# 29er Tandems for use on and off road



## lowestgear (Dec 27, 2009)

29er Tandems for use on and off road; seems a logical proposition. We currently ride a 10 year old Co-Motion road tandem which has seen some off road service since I built it with beefy Mavic rims laced 48 spoke to Phil hubs.. and it rolls on some seriously burly Specialized tires. So, pretty decent on moderate, smooth trails. Yearning for more...

Disc brakes- need 'em in Colorado. Seems like a totally logical plan to replace the current tandem with one sporting disc brakes, and just as logical while we are at it to find one that can accommodate larger 29er / 700c tires. 

Are there any production bikes like that yet? Or does anyone know of any in the pipeline for production soon? We'll primarily use it on the road with drop bars but I'd love to be able to set it up with 2 inch wide tires that would allow it to go where ordinary road tandems fear to tread. 

Perfect would be a non suspended steel or aluminum disc ready frame that has a tapered steel fork with clearance for a big tire, with a front end built to accommodate a tapered suspension fork if one were to prefer that to a steel fork. And a rear end also with clearance for a big tire.

Definitely want 29er/700c. It's the only choice! Have owned a 26" tandem in the past and it's just not the same on the road. One set of true 700c road wheels with dics, and another set of wheels with a very stout build and big tires would be just so cool. The road wheels would give it a lower classic road stance, the big tires would give a little better ground clearance. My ideal bike would be more oriented to road riding but built on the stout side, with the ability to take fat tires and derive all the benefits thereof.


----------



## ds2199 (Sep 16, 2008)

*How about these guys?*

I don't know if they officially market as a 29er tandem, but DaVinci Designs makes their tandems in both 26" and 700c.

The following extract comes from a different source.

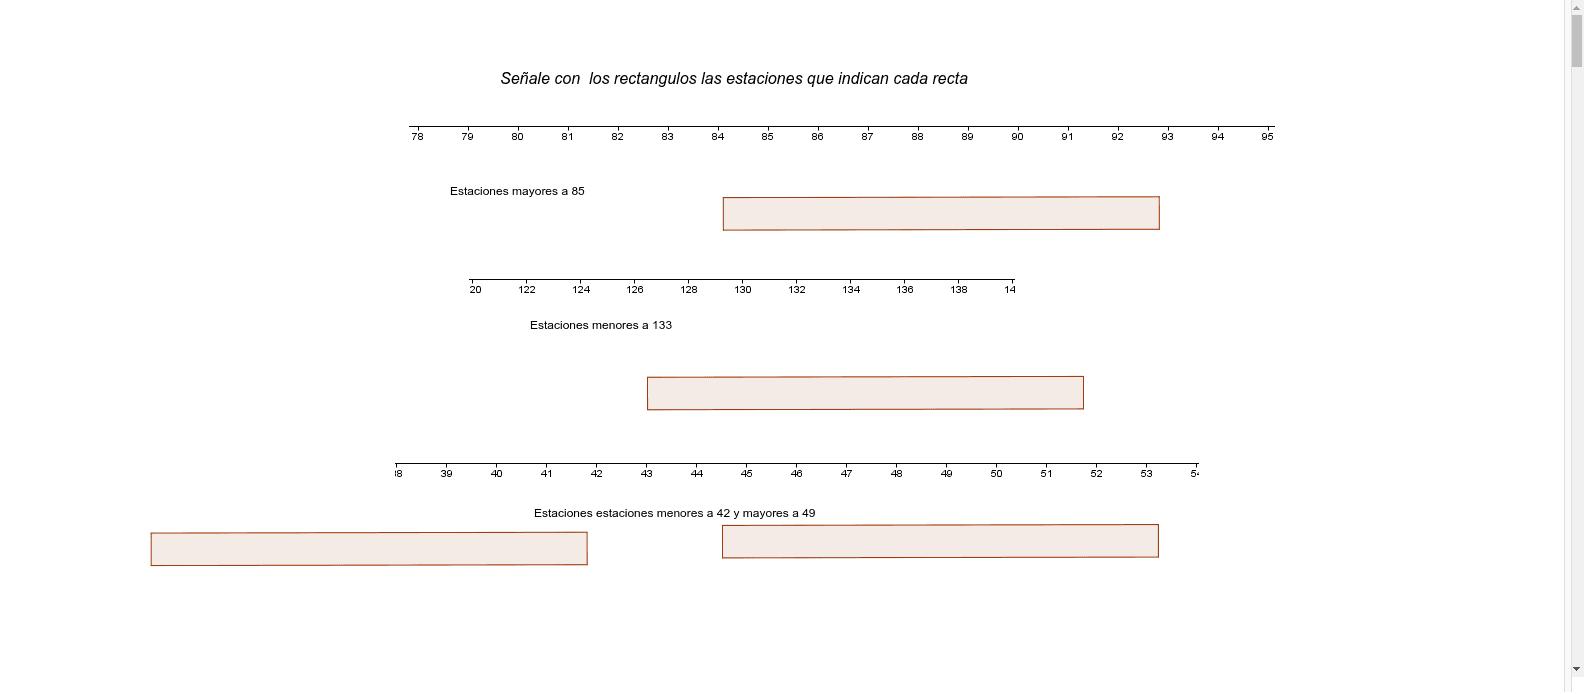 con la barras señala el enunciado indicado bajo cada segmento de recta Presiona Intro para comenzar la actividad

http://www.davincitandems.com/ja.html

I'd call Todd and Brian and see what they think. They make a sweet bike!

I know some people that ride their mountain tandem (front suspension) on the road with skinny tires (fork locked out) and they also ride it off road too (fatter tires). I think they are riding 26" though...


----------



## bme107 (Jul 23, 2008)

Fandango? see http://www.mtbtandems.com/ (member here too)


----------



## TheBrick (Dec 8, 2008)

If you have the money I'm sure one of these could be tweaked for your requirments.

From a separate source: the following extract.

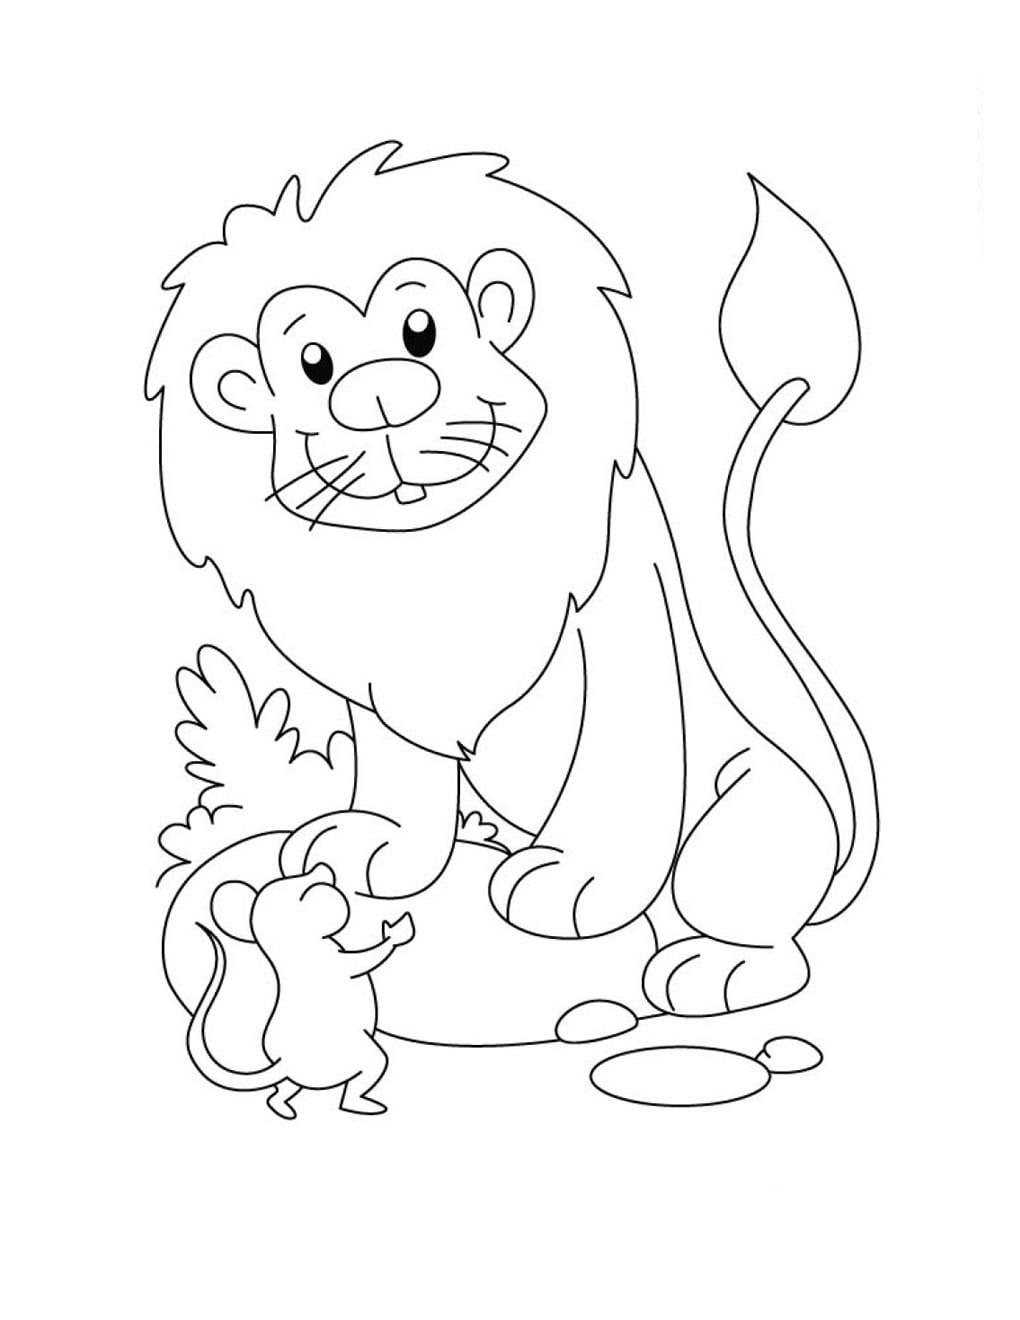 Desenho De Leão Conversando Com Ratinho Para Colorir

http://www.google.co.uk/url?sa=t&so...n_mXDg&usg=AFQjCNEg-awmeWO_cB-pugbHdWzenvgd7w
http://www.google.co.uk/url?sa=t&so...n_mXDg&usg=AFQjCNH3B5GogIO79V4kUWO8PC8ylG9zWA


----------



## bsdc (May 1, 2006)

Curtlo would custom build exactly what you want at a production frame price. The down side? A few months wait.


----------



## Trails4Two (May 12, 2008)

*comprimise?*

I think that there is a reason that both road and mountain bikes exist: they serve different purposes. With different geometry, gearing, and components a road bike won't ride as well as an off-road bike on trails. Likewise, an off-road bike will not have the same "zip" as a bike made for roads. It's more than just wheel size. You could certainly make a bike do both, but it might not do either well. Why not have two tandems? If you are really wanting to do more off-road riding get a bike that will allow you to enjoy that even more.


----------



## jjensen (Mar 31, 2009)

Go with the Fandango! On my second season of 29'er Fandango riding and my 22nd year of off road tandeming. It's the nicest tandem I've ridden or owned (I own four). Mine is small / med and set up with 203mm Hope discs front and rear with an ATC fork. I love this bike - it's almost too nice to take out and thrash.


----------



## MichiganClydesdale (Mar 24, 2004)

bsdc said:


> Curtlo would custom build exactly what you want at a production frame price. The down side? A few months wait.


I believe Vicious still makes the Jeepster, and Scott Quiring has built a few 29er tandems too - steel, AL, and Scandium. Mine is steel, as is our Vicious.


----------



## bsdc (May 1, 2006)

I'm really digging that Quiring. I remember admiring it as a SS but it looks much more appealing to me with a Rohloff hub.


----------